In this video, I was going for the "pleasure rider". Up until now I have only regularly taken lessons from a pleasure instructor, and I have only done HUS and obstacle trail at stock-type open shows with this horse, because this is what I'm familiar with. I have had two dressage lessons but that does not make me a dressage rider in any way.

In the spring I /will/ be taking dressage lessons and moving away from the pleasure style, so I would be receptive to any tips on what to do to achieve more of that.


----------



## JustDressageIt (Oct 4, 2007)

What is your end goal? If you're just riding for pleasure, then don't worry about it and go about your merry way. 

If you're wanting more than that, and to compete, then you have some things to change. All in all, the thread is right - personally I think that most horses should be capable of the basics in a snaffle, and if they can't, then there's a major hole in training. Have you only tried the one D-ring? Some horses hate single jointed bits, some hate double jointed bits. Some hate the way D-rings sit, some hate the "noise" of a loose ring. It's all about playing around to find the right snaffle for them. When were the horse's teeth floated last?


----------



## JustDressageIt (Oct 4, 2007)

Okay, you just posted that you're going for dressage in the spring.

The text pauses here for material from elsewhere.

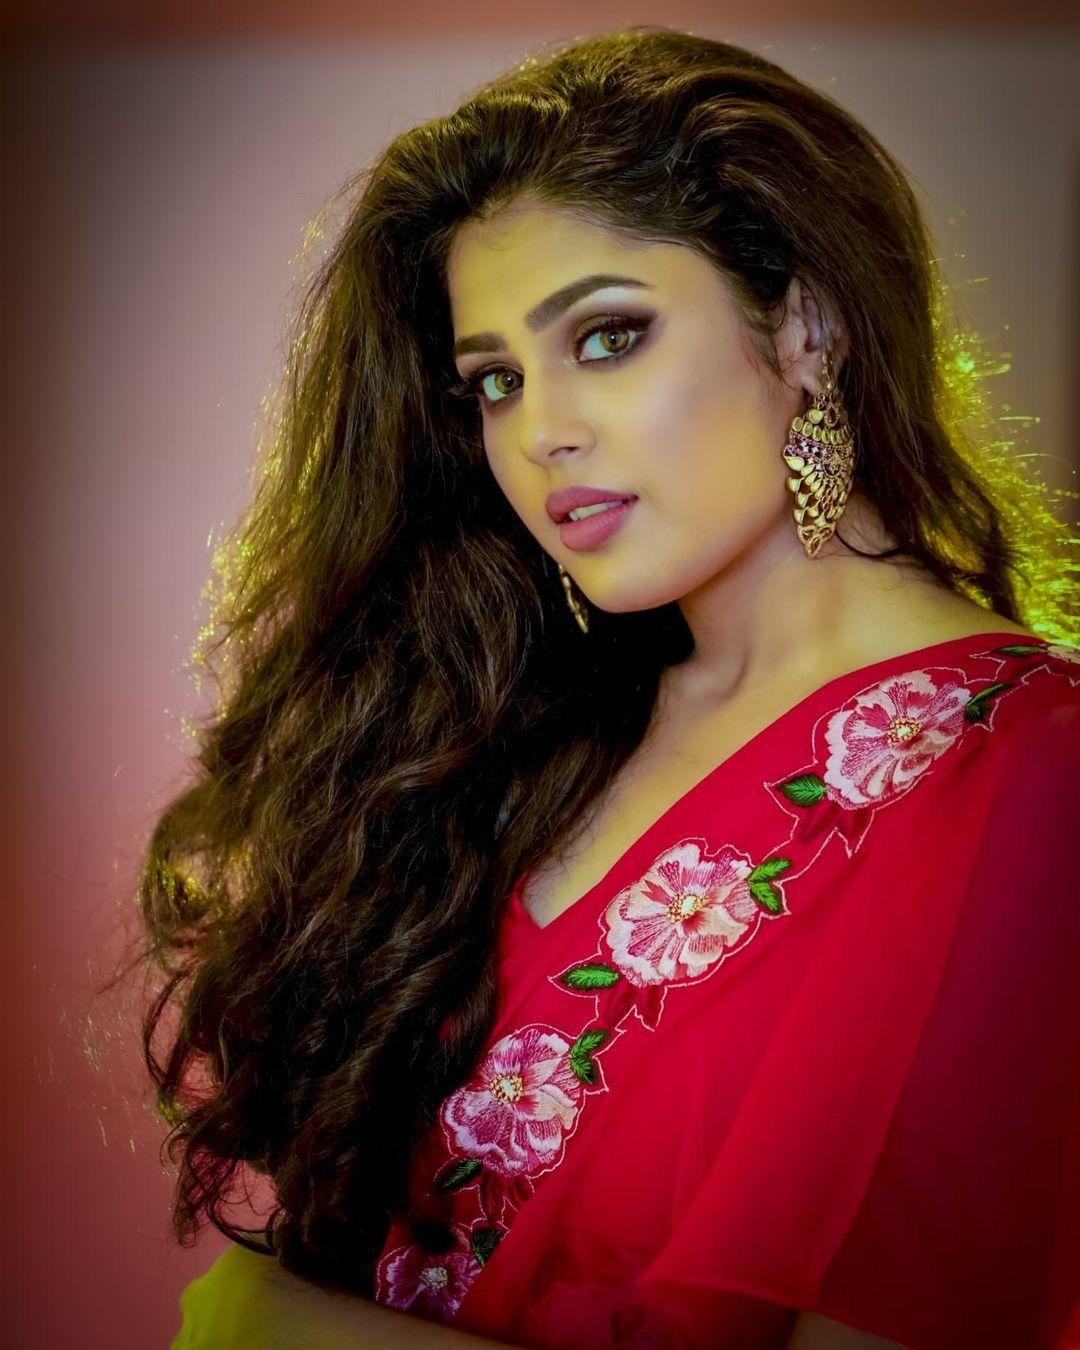 Faria Abdullah hot close up face photo

You will *need* a snaffle - the bit you're using, or any bit with leverage, is illegal in the lower levels. May as well start now finding a bit that your horse works well in. 
Then you need to chuck the notion of bit=head down, and start reading up on the basics of rhythm, relaxation and connection for starters. You need to shorten up those reins by almost half, and get some bend in your elbow. You need to have a connection with your horse's mouth, but not in a pulling sense. You're always sending your horse forwards into your hand. 
There are a TON of posts about getting a horse connected back to front. I strongly suggest you hop on over to the "dressage" section of this forum and get to reading, particularly paying attention to posters such as Kayty, Anebel, Maura, and there are a few others I'm forgetting..


----------



## kiltsrhott (Mar 11, 2012)

Honestly, I'm not sure what my end goal is. I bought this horse just because I liked her, and started doing what I normally do and taking lessons from my pleasure instructor and going to the same shows, but at this point, my goals are changing. I'm getting tired of the pleasure scene, and it's tough to do well if you don't have a QH or an appendix, and a lot of it comes down to who's in the right clique. I also want to jump. My original plans were low level hunter stuff, but Ursula just doesn't quite fit in at the shows I've been attending. Like I said before, I've lined up lessons with an eventing instructor in the spring and want to dabble in dressage a little bit. Even if I don't ever compete dressage, I think it will help us in other areas. My goal really is just to learn as much as I can with this horse and have fun with her. I don't feel the need to ever be the best at any one thing. Some wins at shows would be nice, but they're not essential. I also like to just trail ride with her and hack around the property, but that is much more fun on a horse that's well trained.

The only snaffle bit I've extensively ridden her in is the D ring which is a single joint but thinner and curved. I have ridden her in a loose ring a hand full of times, a long time ago, and that seemed to go well, but it wasn't my bit. It had the same mouth piece as the kimberwick I've been using, which is single joint, moderate thickness, no curve. I have used a mullen mouth kimberwick too and the horse didn't seem to mind it but I don't like not being able to work one side of the bit at a time. I'm looking for advice on what kind of bits to try because I want to narrow down my list before I empty my bank account on a million bits that don't work. Unfortunately I don't know anyone who has a horse that uses bits as big as Ursula does, so it's tough to borrow. The instructor I'm starting with in the spring has a draft cross, so I'm hoping she will let me borrow some to try out before I spend money. I had also considered the fact that anything but a snaffle is illegal in dressage (up to 4th level right?). I'm not sure if I plan to compete dressage, but regardless, I don't like the leverage at this point and I WANT a snaffle. I just need to find the right one.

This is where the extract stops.